Action item: Set down exactly the lines below between the line holding "09-18 Aussteller im" and the line holding "Das Rathaus in", inclusive; no other line belongs in the answer.

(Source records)
>>>

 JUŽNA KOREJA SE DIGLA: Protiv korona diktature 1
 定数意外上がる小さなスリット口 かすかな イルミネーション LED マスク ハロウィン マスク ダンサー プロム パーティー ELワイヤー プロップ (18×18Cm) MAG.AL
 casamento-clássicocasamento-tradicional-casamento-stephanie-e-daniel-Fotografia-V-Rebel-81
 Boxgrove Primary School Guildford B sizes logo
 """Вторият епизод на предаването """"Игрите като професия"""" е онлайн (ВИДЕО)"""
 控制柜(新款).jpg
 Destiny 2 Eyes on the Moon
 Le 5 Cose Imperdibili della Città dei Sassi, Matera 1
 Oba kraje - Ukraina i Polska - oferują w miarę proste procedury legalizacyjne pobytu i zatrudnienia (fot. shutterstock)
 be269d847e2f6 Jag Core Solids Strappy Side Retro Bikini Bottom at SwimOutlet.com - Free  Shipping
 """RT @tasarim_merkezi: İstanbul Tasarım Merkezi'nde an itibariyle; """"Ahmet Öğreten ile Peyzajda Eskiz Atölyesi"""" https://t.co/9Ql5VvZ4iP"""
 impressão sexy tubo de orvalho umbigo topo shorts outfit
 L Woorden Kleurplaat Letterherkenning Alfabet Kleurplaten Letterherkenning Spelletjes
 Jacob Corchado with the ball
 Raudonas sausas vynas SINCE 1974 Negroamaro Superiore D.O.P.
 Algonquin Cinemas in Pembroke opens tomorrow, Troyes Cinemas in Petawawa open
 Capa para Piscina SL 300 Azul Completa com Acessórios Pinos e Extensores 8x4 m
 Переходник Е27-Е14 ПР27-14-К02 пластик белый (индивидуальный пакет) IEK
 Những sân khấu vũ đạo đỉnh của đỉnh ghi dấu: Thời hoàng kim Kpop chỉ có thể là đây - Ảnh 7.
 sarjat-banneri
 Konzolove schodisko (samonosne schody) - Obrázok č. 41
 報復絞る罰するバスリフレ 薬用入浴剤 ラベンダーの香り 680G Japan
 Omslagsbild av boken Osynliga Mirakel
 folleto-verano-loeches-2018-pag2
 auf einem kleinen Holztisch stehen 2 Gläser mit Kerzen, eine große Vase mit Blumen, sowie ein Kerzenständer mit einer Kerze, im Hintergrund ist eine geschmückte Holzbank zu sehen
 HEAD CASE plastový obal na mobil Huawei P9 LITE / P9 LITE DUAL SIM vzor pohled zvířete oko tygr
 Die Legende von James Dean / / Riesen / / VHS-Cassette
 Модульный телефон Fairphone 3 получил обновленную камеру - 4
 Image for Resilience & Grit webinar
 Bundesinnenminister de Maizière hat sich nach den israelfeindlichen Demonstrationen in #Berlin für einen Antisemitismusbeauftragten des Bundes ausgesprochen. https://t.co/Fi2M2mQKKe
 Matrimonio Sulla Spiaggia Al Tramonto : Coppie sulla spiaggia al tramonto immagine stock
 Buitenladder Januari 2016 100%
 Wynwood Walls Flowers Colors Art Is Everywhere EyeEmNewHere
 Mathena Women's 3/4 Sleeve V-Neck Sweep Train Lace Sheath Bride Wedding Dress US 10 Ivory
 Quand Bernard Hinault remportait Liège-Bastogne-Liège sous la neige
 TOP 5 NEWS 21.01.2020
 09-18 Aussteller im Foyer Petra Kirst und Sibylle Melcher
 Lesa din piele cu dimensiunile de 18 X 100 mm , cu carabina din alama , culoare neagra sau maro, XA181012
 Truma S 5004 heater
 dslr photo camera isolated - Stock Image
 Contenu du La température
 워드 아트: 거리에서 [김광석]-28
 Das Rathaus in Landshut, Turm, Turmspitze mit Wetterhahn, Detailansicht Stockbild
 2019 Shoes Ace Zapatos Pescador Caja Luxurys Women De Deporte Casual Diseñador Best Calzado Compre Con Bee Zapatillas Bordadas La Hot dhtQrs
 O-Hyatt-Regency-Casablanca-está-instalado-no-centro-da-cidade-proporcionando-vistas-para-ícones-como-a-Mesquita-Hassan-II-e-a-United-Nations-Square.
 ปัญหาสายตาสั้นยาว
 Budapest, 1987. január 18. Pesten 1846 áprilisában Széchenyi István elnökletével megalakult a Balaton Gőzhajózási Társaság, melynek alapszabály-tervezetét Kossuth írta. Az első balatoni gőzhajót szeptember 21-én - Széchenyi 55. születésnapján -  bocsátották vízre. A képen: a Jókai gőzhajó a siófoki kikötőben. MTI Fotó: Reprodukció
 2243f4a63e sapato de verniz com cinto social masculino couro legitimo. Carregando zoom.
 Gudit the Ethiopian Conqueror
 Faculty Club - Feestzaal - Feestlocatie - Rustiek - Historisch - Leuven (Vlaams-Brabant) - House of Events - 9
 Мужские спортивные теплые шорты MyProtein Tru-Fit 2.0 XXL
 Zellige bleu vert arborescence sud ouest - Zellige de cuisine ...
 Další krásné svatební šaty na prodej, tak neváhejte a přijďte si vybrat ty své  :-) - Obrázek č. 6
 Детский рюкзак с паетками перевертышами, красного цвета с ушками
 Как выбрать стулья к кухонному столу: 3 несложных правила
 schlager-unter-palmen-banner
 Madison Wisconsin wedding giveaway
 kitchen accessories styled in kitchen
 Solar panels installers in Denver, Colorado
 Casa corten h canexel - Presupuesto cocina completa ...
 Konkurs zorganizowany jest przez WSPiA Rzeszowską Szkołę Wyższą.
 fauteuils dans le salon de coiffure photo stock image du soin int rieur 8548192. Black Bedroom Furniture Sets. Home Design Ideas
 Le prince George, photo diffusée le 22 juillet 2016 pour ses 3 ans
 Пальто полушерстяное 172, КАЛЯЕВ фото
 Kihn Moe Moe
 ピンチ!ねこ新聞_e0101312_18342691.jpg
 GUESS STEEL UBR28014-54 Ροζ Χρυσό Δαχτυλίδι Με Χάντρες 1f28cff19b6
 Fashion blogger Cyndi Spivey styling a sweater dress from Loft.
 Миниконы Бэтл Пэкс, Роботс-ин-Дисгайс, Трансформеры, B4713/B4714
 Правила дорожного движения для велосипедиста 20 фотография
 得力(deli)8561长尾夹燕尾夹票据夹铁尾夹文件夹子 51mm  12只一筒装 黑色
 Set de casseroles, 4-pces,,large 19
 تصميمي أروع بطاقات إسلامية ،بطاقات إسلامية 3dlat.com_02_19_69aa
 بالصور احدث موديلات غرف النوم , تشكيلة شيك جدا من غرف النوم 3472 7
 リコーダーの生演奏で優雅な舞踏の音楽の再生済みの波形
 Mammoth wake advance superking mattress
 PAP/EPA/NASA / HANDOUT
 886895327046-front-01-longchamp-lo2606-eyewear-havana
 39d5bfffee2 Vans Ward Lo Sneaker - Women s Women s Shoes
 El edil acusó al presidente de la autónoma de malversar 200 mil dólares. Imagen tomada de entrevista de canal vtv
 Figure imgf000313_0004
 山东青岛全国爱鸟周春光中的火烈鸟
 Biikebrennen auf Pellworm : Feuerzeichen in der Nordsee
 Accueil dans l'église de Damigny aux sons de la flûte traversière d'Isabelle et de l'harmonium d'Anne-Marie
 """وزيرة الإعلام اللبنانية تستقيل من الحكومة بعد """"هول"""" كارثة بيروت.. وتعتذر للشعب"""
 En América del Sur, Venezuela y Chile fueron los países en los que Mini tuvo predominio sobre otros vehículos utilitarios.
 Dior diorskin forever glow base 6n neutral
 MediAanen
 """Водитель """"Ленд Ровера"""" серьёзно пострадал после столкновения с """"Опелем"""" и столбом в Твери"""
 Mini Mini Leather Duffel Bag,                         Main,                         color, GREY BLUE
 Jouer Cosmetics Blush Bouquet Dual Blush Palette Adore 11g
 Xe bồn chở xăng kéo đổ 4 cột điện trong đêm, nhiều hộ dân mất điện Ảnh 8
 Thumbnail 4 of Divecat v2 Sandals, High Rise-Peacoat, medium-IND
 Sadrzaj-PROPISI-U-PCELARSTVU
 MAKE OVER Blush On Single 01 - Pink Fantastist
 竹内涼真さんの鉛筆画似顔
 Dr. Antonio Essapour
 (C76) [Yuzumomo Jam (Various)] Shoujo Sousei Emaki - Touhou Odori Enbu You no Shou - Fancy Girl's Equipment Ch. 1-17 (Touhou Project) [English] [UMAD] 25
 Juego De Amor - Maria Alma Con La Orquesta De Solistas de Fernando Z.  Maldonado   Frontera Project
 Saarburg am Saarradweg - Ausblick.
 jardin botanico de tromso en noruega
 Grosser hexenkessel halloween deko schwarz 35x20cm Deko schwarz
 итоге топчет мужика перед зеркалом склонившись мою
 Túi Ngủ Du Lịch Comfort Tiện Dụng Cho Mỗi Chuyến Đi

<<<

Answer:
 09-18 Aussteller im Foyer Petra Kirst und Sibylle Melcher
 Lesa din piele cu dimensiunile de 18 X 100 mm , cu carabina din alama , culoare neagra sau maro, XA181012
 Truma S 5004 heater
 dslr photo camera isolated - Stock Image
 Contenu du La température
 워드 아트: 거리에서 [김광석]-28
 Das Rathaus in Landshut, Turm, Turmspitze mit Wetterhahn, Detailansicht Stockbild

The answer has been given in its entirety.